Брехт видел противоречие
между принципом перевоплощения
в театре, принципом растворения
автора в героях и необходимостью
непосредственного, агитационно-наглядного
выявления философской и политической
позиции писателя. Даже в наиболее удачных
и тенденциозных в лучшем смысле слова
традиционных драмах позиция автора, по
мнению Брехта, была связана с фигурами
резонеров. Драматург справедливо считал,
что характеры героев не должны быть «рупорами
идей», что это снижает художественную
действенность пьесы; «… на сцене реалистического
театра место лишь живым людям, людям из
плоти и крови, со всеми их противоречиями,
страстями и поступками. Сцена – не гербарий
и не музей, где выставлены набитые чучела…»
[8.-с. 65]
Брехт находит свое
решение этого противоречивого
вопроса: театральный спектакль,
сценическое действие не совпадают
у него с фабулой пьесы. Фабула,
история действующих лиц прерывается
прямыми авторскими комментариями,
лирическими отступлениями, а
иногда даже и демонстрацией
физических опытов, чтением газет
и своеобразным, всегда актуальным
конферансом. Брехт разбивает
в театре иллюзию непрерывного
развития событий, разрушает магию
скрупулезного воспроизведения
действительности. Театр – подлинное
творчество, далеко превосходящее
простое правдоподобие.
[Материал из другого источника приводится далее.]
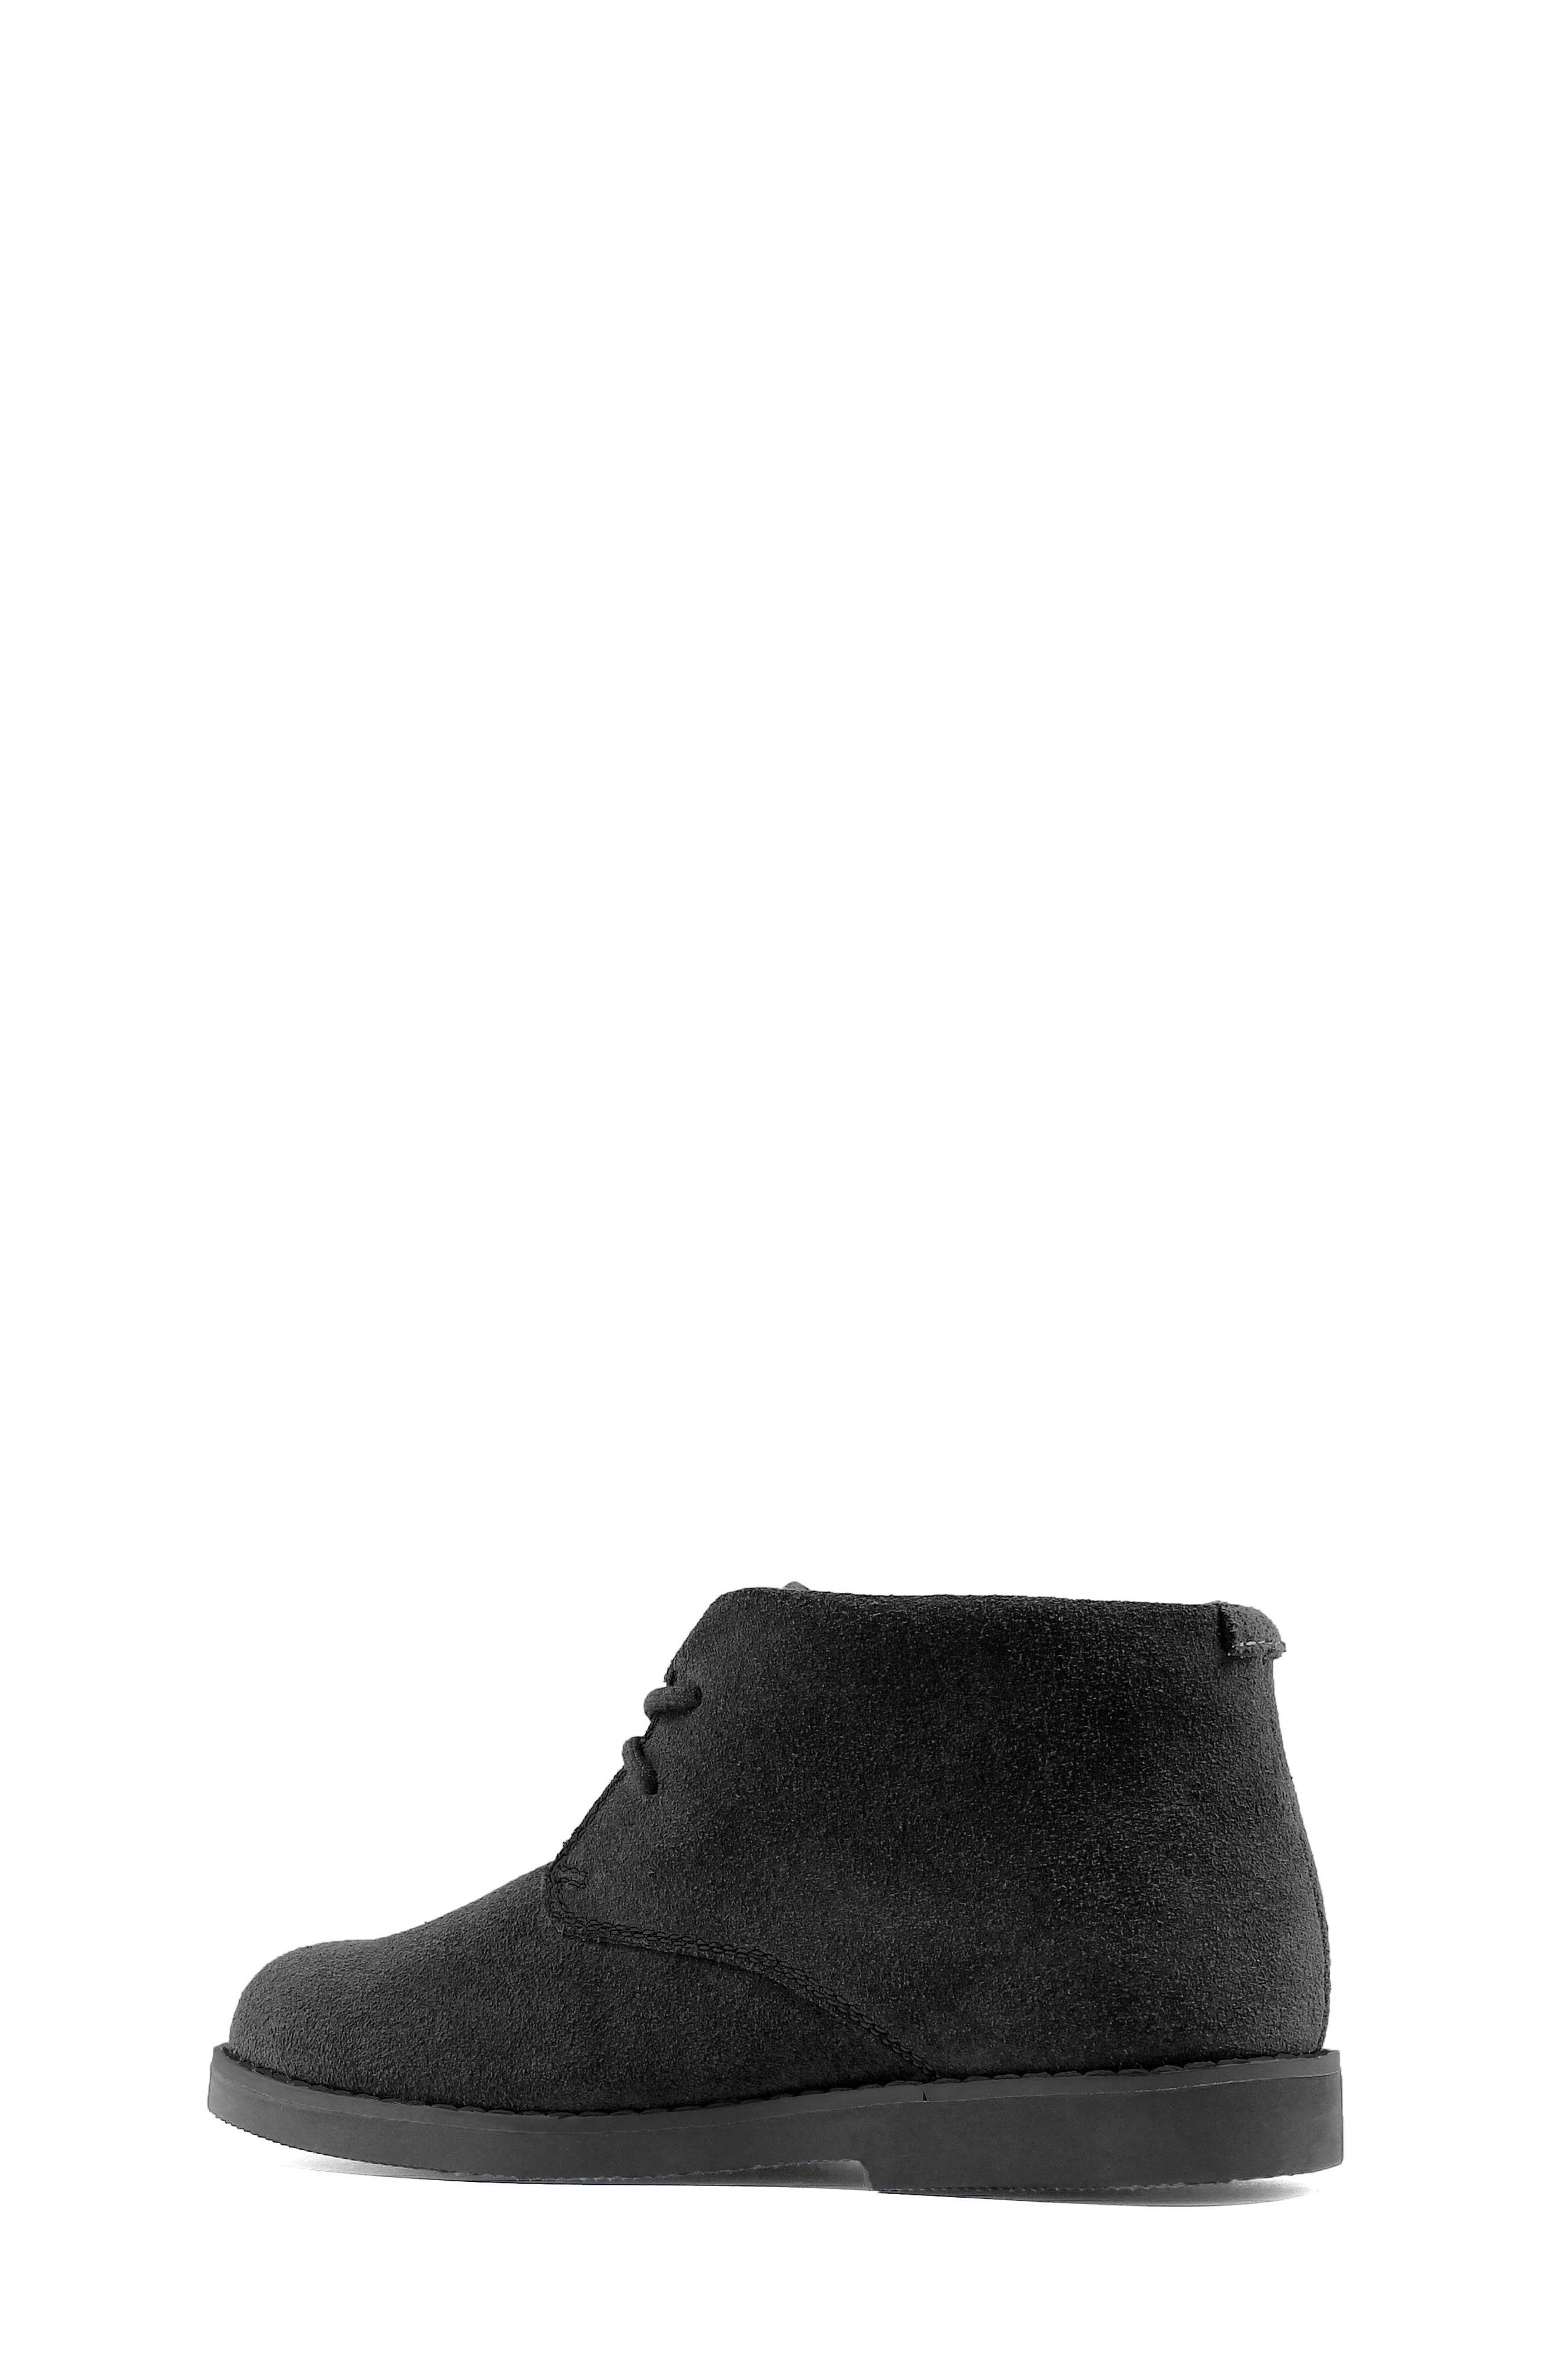 'Quinlan' Chukka Boot,                             Alternate thumbnail 3, color,                             001

Творчество
для Брехта и игра актеров,
для которых совершенно недостаточно
лишь «естественное поведение
в предлагаемых обстоятельствах».
«Развивая свою эстетику, Брехт
использует традиции, преданные
забвению в бытовом, психологическом
театре конца 19 – начала 20 веков,
он вводит хоры и зонги современных
ему политических кабаре, лирические
отступления, характерные для
поэм, и философские трактаты» [10.-с.224].
Искусство перевоплощения
Брехт считал обязательным, но
совершенно недостаточным для
актера. Гораздо более важным
он полагал умение проявить, продемонстрировать
на сцене свою личность –
и в гражданском, и в творческом
плане. В игре перевоплощение
обязательно должно чередоваться,
сочетаться с демонстрацией художественных
данных (декламации, пластики, пения), которые
интересны как раз своей неповторимостью,
и, главное, с демонстрацией
личной гражданской позиции актера,
его человеческого кредо.
«Брехт считал, что
человек сохраняет способность
свободного выбора и ответственного
решения в самых трудных обстоятельствах.
В этом убеждении драматурга
проявилась вера в человека, глубокая
убежденность в том, что буржуазное
общество при всей силе своего
разлагающего влияния не может
перекроить человечество в духе
своих принципов. Брехт пишет,
что задача «эпического театра»
- заставить зрителей «отказаться…
от иллюзии, будто каждый на
месте изображаемого героя действовал
бы так же». Драматург глубоко
постигает диалектику развития
общества и поэтому сокрушительно
громит вульгарную социологию, связанную
с позитивизмом. Брехт всегда
выбирает сложные, «неидеальные»
пути разоблачения капиталистического
общества. «Политический примитив»,
по мнению драматурга, недопустим
на сцене. Брехт хотел, чтобы
жизнь и поступки героев в
пьесах из жизни собственнического
общества всегда производили
впечатление неестественности. Он
ставит перед театральным представлением
очень сложную задачу: зрителя
он сравнивает с гидростроителем,
который «способен увидеть реку
одновременно и в ее действительном
русле, и в том воображаемом,
по которому она могла бы течь, если бы
наклон плато и уровень воды были бы иными»»
[10.-с.217]
Брехт считал, что правдивое
изображение действительности не ограничивается
только воспроизведением социальных обстоятельств
жизни, что существуют общечеловеческие
категории, которые социальный детерминизм
не может объяснить в полной мере.
Их изображение возможно в форме
мифа, символа, в жанре пьес-притч
или пьес-парабол. Но в плане социально-психологического
реализма драматургия Брехта может
быть поставлена в один ряд с величайшими
достижениями мирового театра. Драматург
тщательно соблюдал основной закон
реалистического театра – историческую
конкретность социальных и психологических
мотивировок. Постижение качественного
многообразия мира всегда было для
него первостепенной задачей. Подытоживая
свой путь драматурга, Брехт писал:
«Мы должны стремиться к более
точному описанию действительности,
а это, с эстетической точки зрения,
все более тонкое и все более
действенное понимание описания»
[10.-с.219].
2.3. «Эффект отчуждения» - главный
принцип эпического театра
Новаторство Брехта проявилось
и в том, что он сумел сплавить
в нерасторжимое гармоническое
целое традиционные, опосредованные
приемы раскрытия эстетического
содержания (характеры, конфликты, фабула)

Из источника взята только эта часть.